=== Problem ===
All of the data that follows is to be printed exactly, without pictures.

=== The data ===
• • • • •
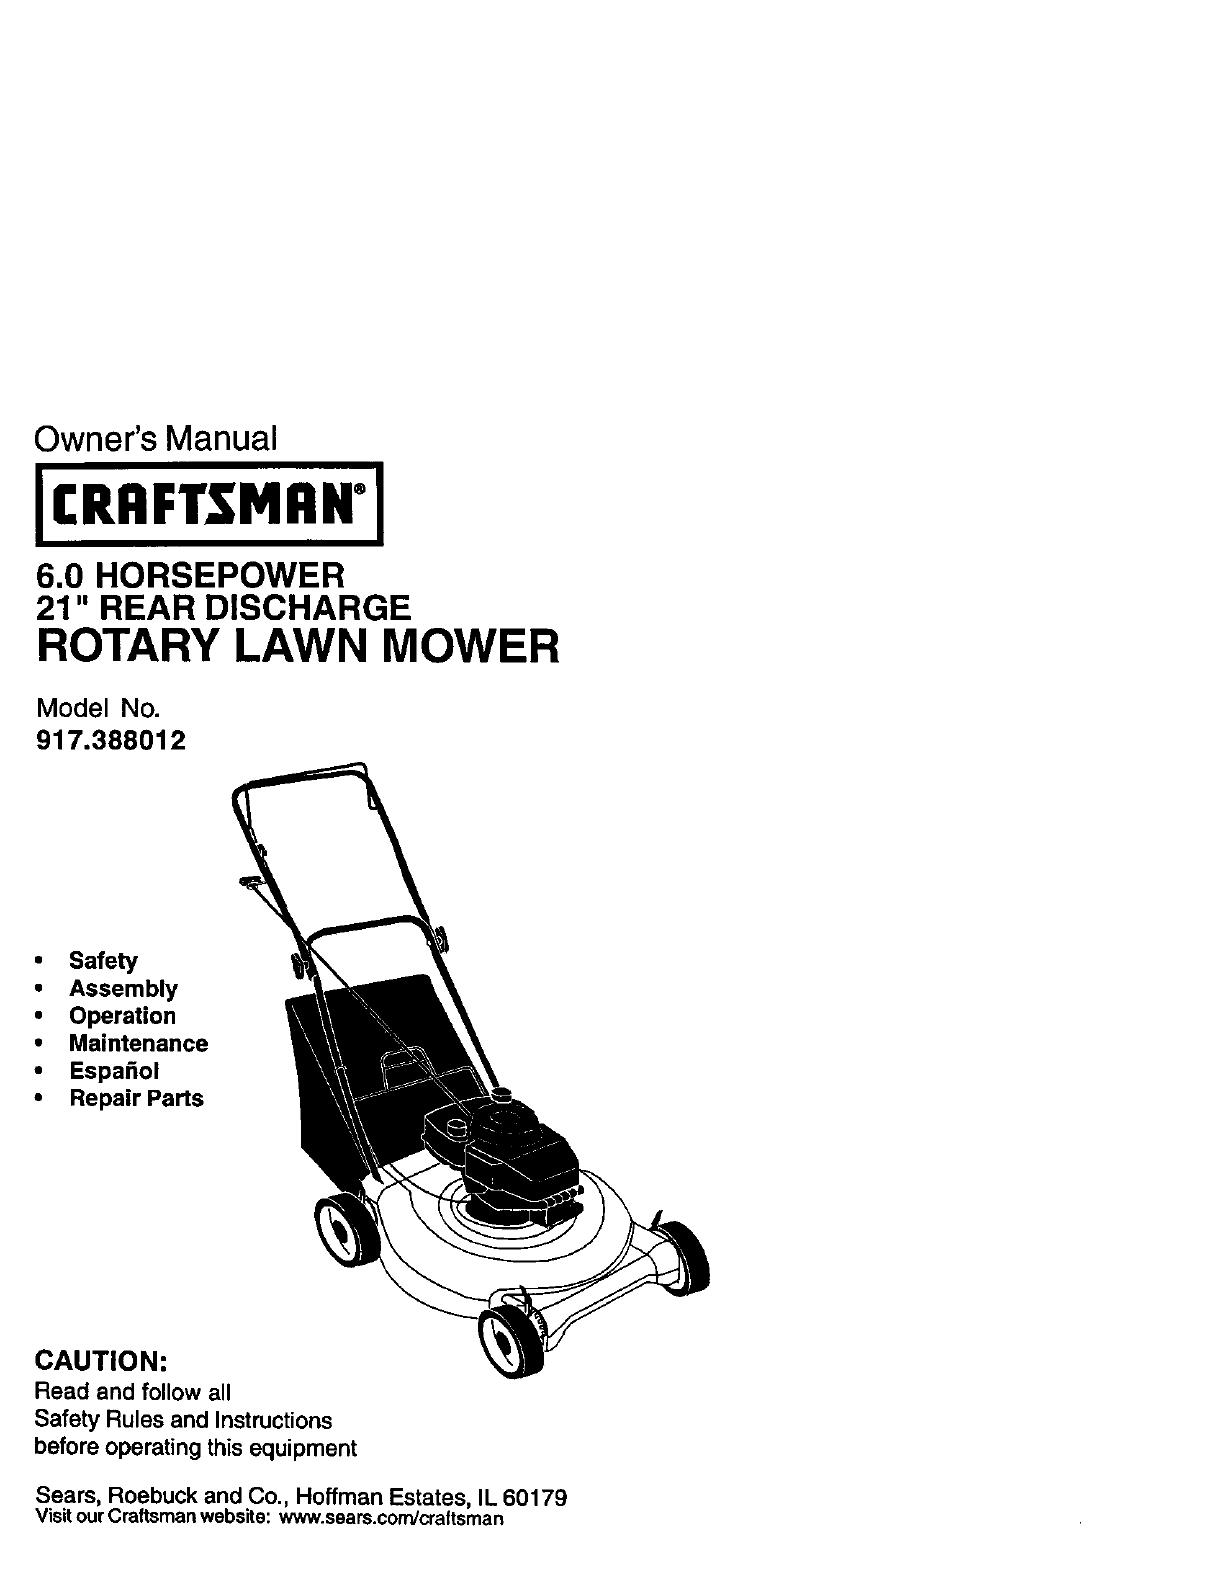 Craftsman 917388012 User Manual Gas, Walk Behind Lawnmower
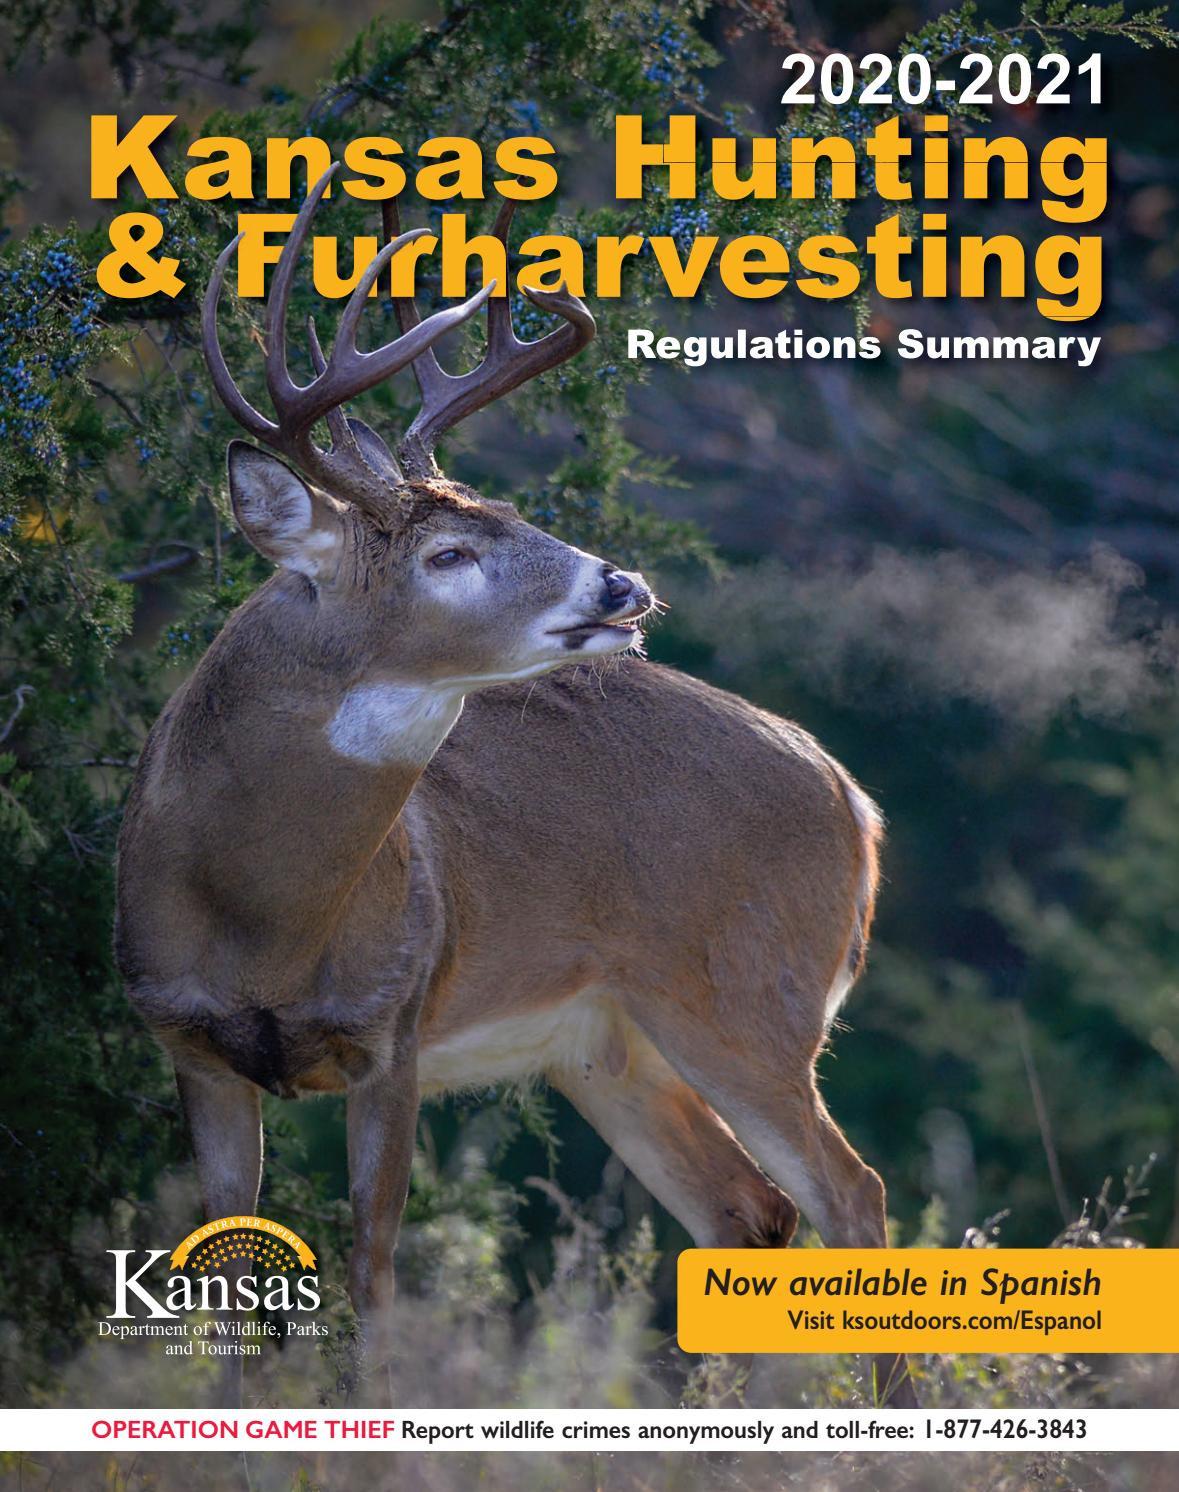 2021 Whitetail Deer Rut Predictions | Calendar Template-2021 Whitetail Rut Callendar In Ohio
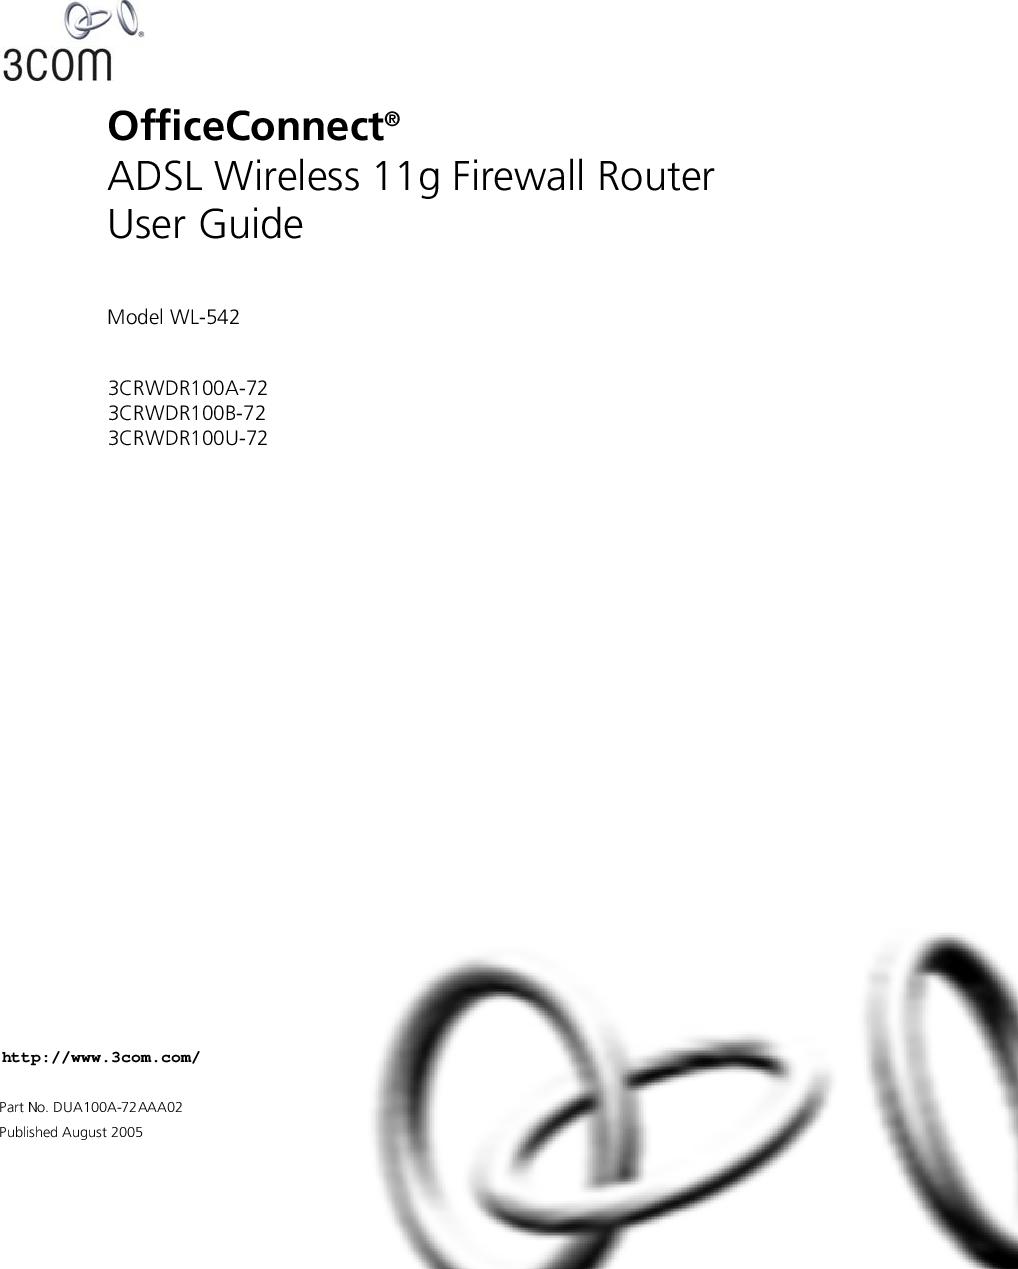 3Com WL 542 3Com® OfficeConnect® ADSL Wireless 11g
• • • • •
=== Response to the exercise ===
 Craftsman 917388012 User Manual Gas, Walk Behind Lawnmower
 2021 Whitetail Deer Rut Predictions | Calendar Template-2021 Whitetail Rut Callendar In Ohio
 3Com WL 542 3Com® OfficeConnect® ADSL Wireless 11g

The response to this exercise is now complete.